This is a follow up from my earlier MO question.
Given an integer partition $\lambda=(\lambda_1,\dots,\lambda_{\ell(\lambda)})$ of $n$ where $\ell(\lambda)$ is the length of $\lambda$, associate its conjugate partition $\lambda'$. Denote by $\lambda''=\lambda',0$ found by appending one extra zero at the right end of $\lambda'$. Further, define the following numeric $b(\lambda'')=\#\{j: \lambda_j''-\lambda_{j+1}''>0\}$.
For example, if $\lambda=(4,2,1)$ then $\lambda'=(3,2,1,1)$ and $\lambda''=(3,2,1,1,0)$ and $b(\lambda'')=3$.

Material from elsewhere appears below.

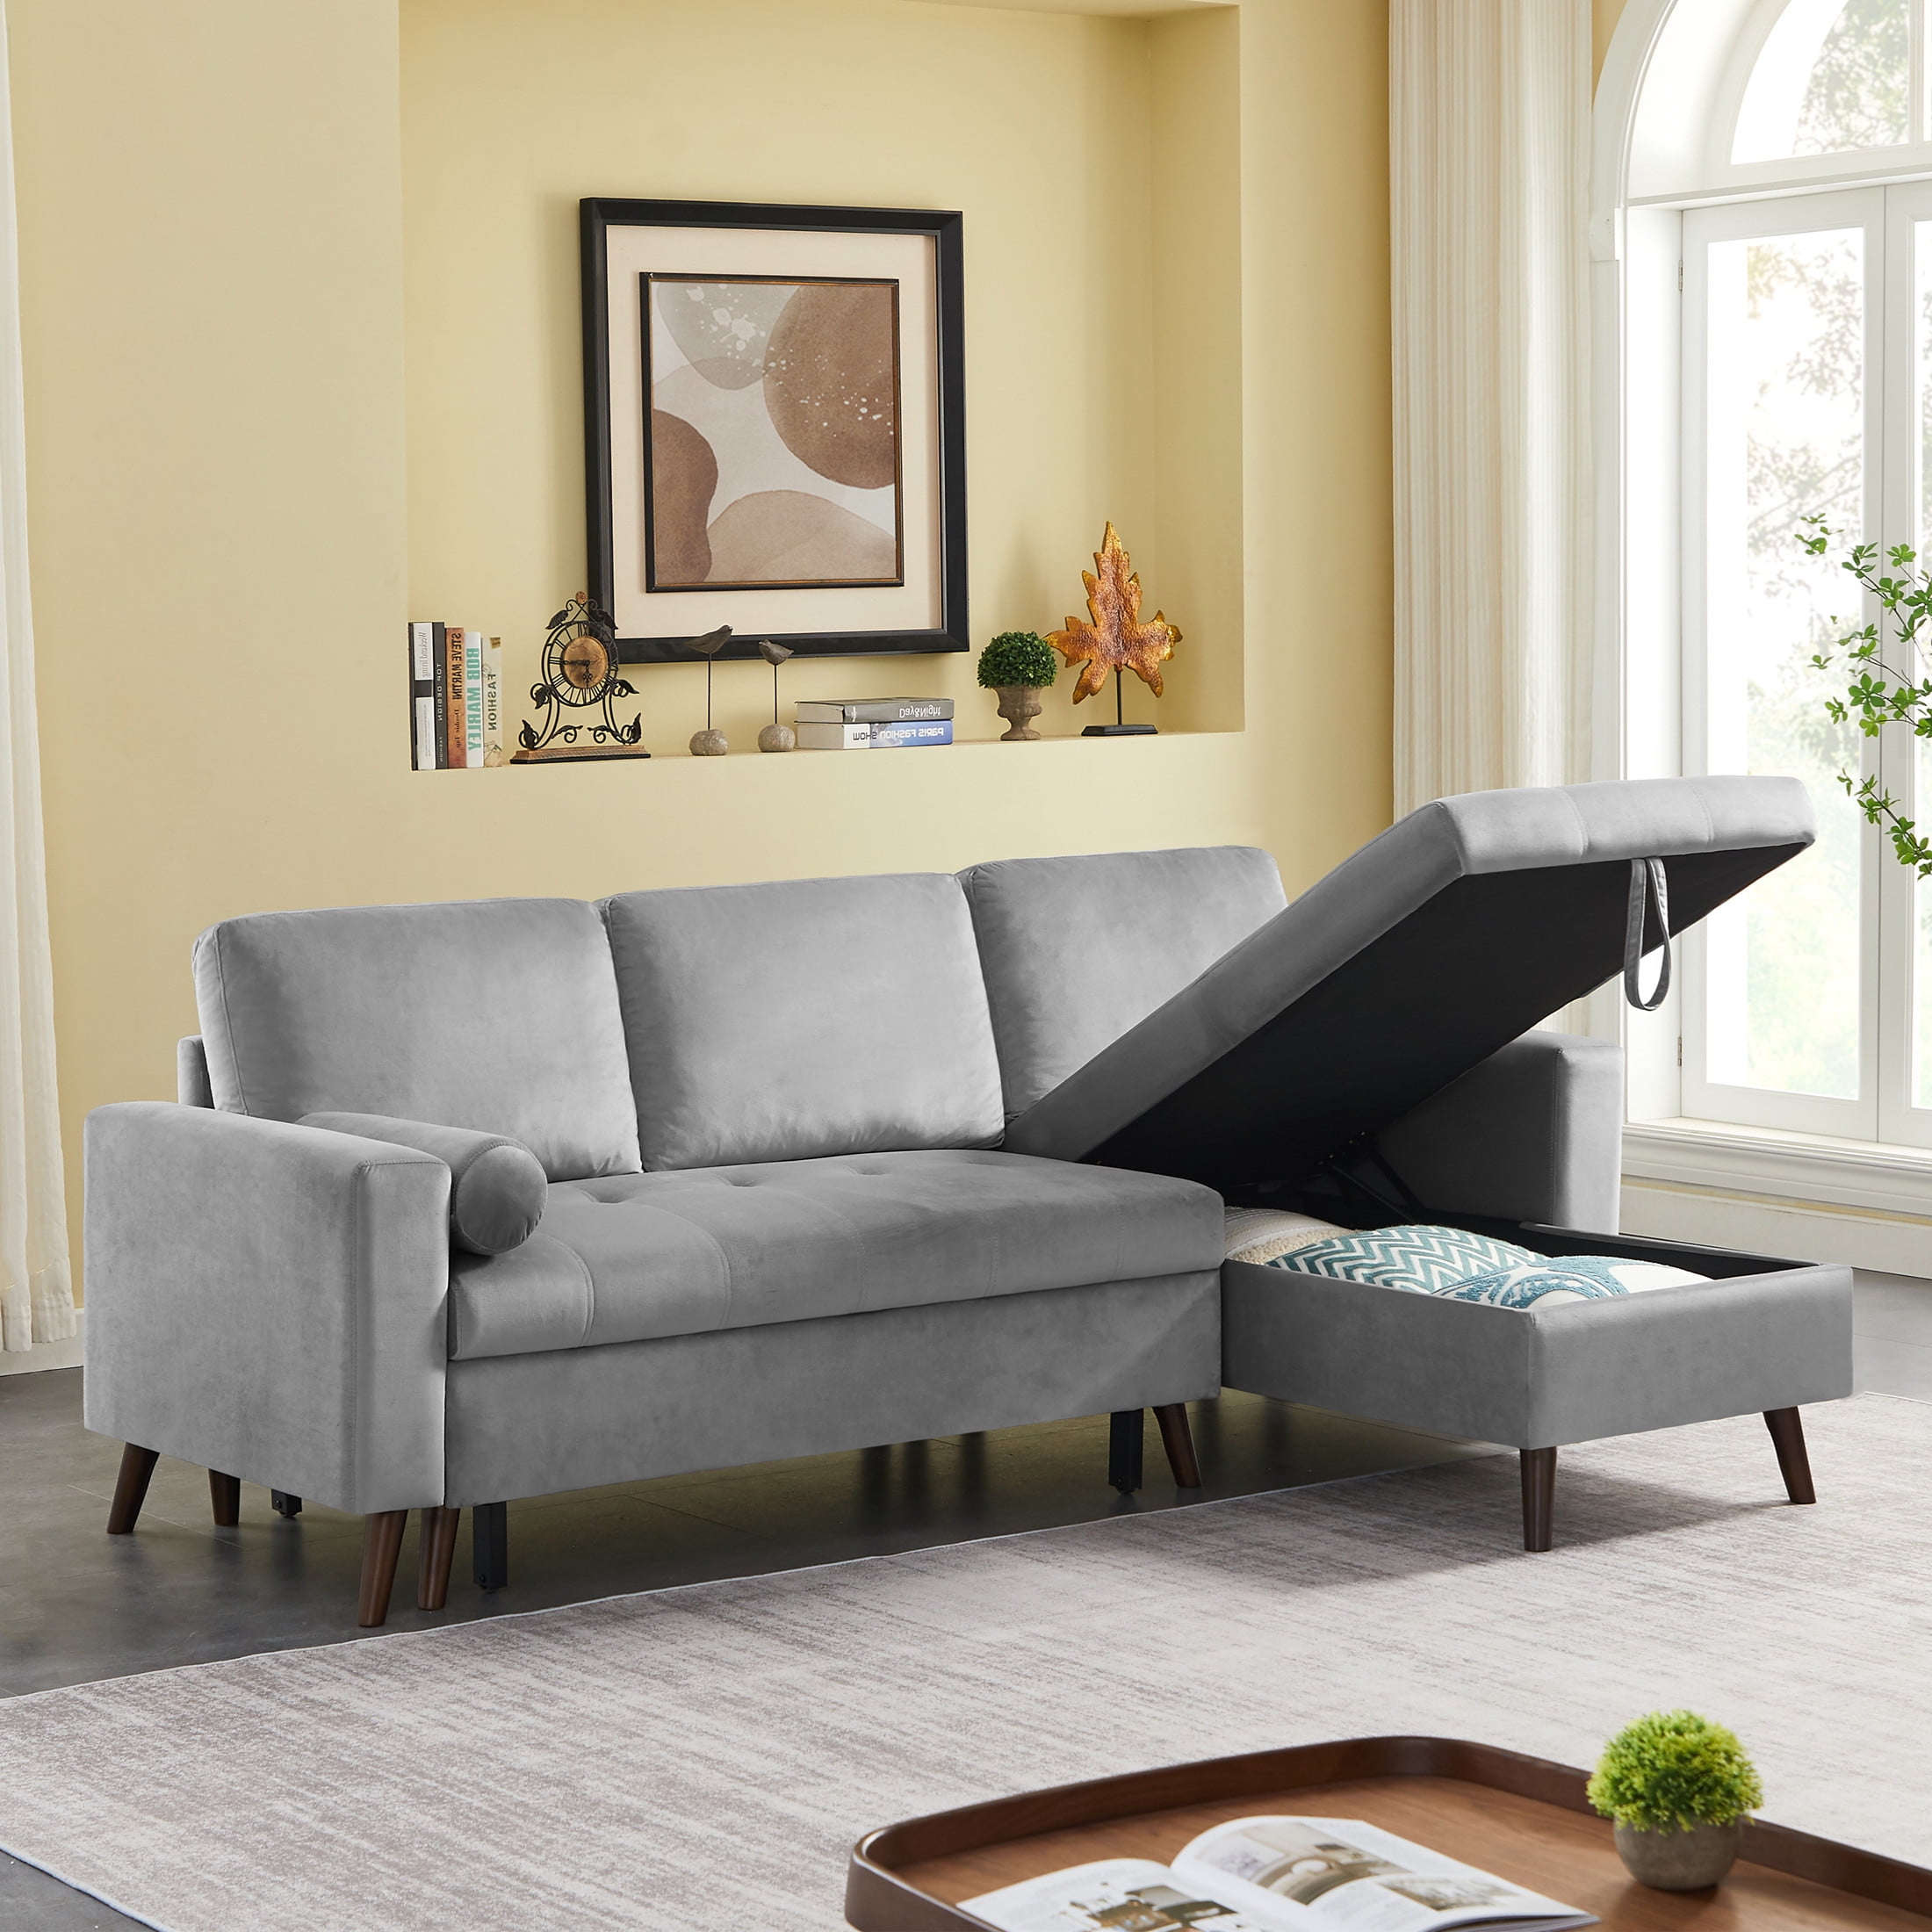 Aukfa 88 Sectional Sleeper Sofa Pull Out Bed With Storage Chaise For Living Room Velvet Gray Com
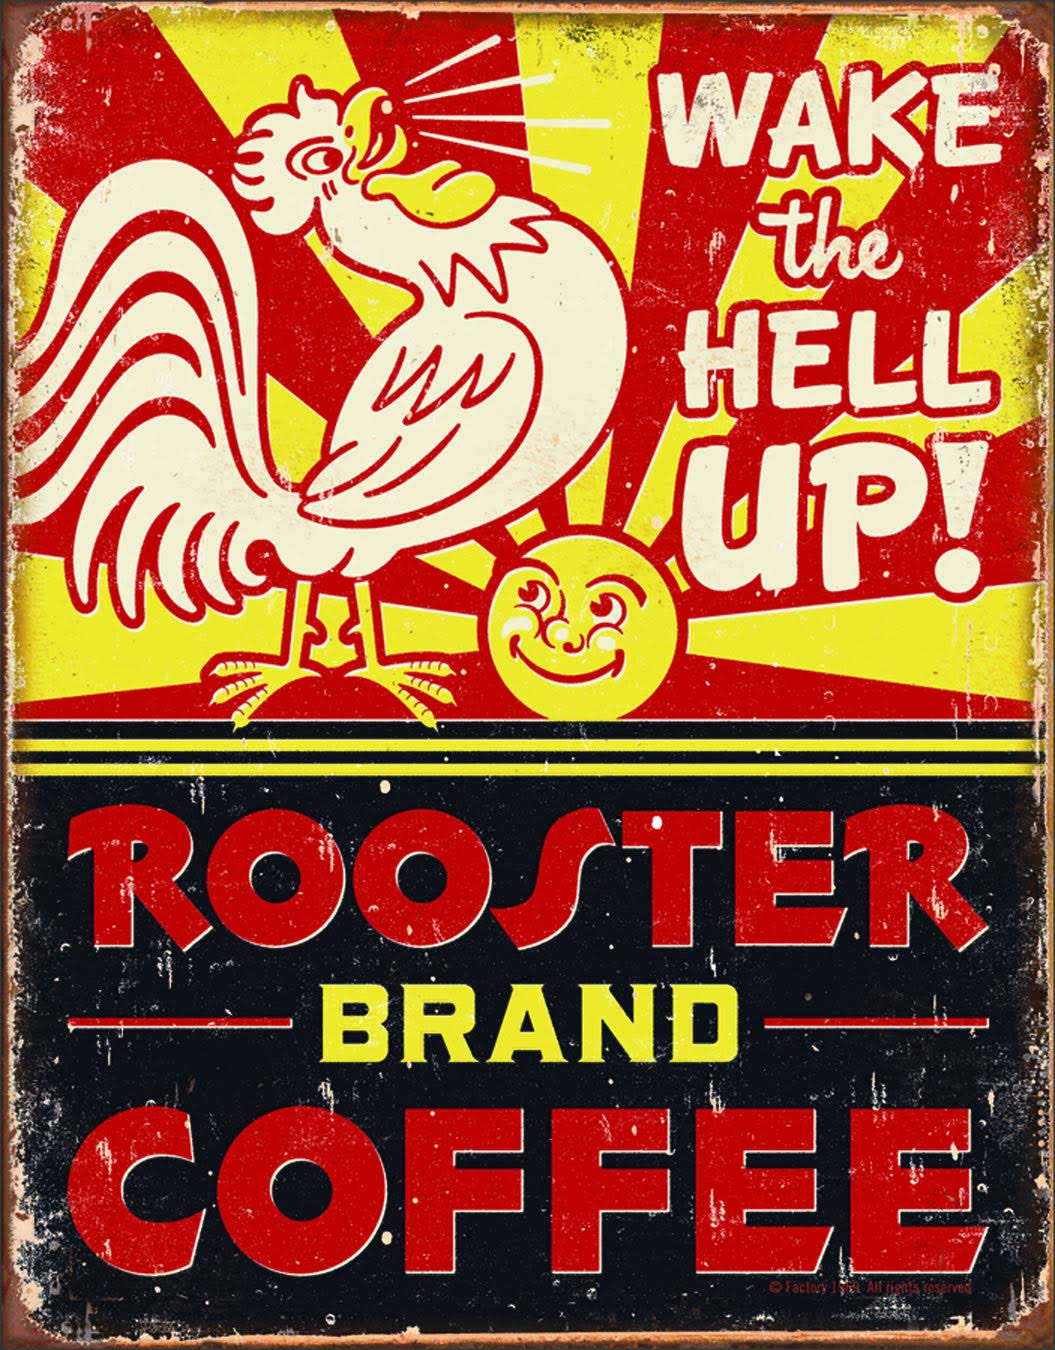 Rooster Brand Coffee Distressed Tin Sign 13 x 16in

Consider the polynomials $$f_n(q):=\sum_{\lambda\vdash n}(q-1)^{b(\lambda'')-1}\,q^{\ell(\lambda)-b(\lambda'')}.\tag1$$
Denote by $t_n$ the largest $t$ such that $q^t$ divides $f_n(q)$.
QUESTION 1. Is it true that $t_n\in\{0,1,2\}$?
QUESTION 2. (stronger) Is it true that the "infinite word" $\,t_1t_2t_3\cdots=0\prod_{k=1}^{\infty}01^{2k}02^k$?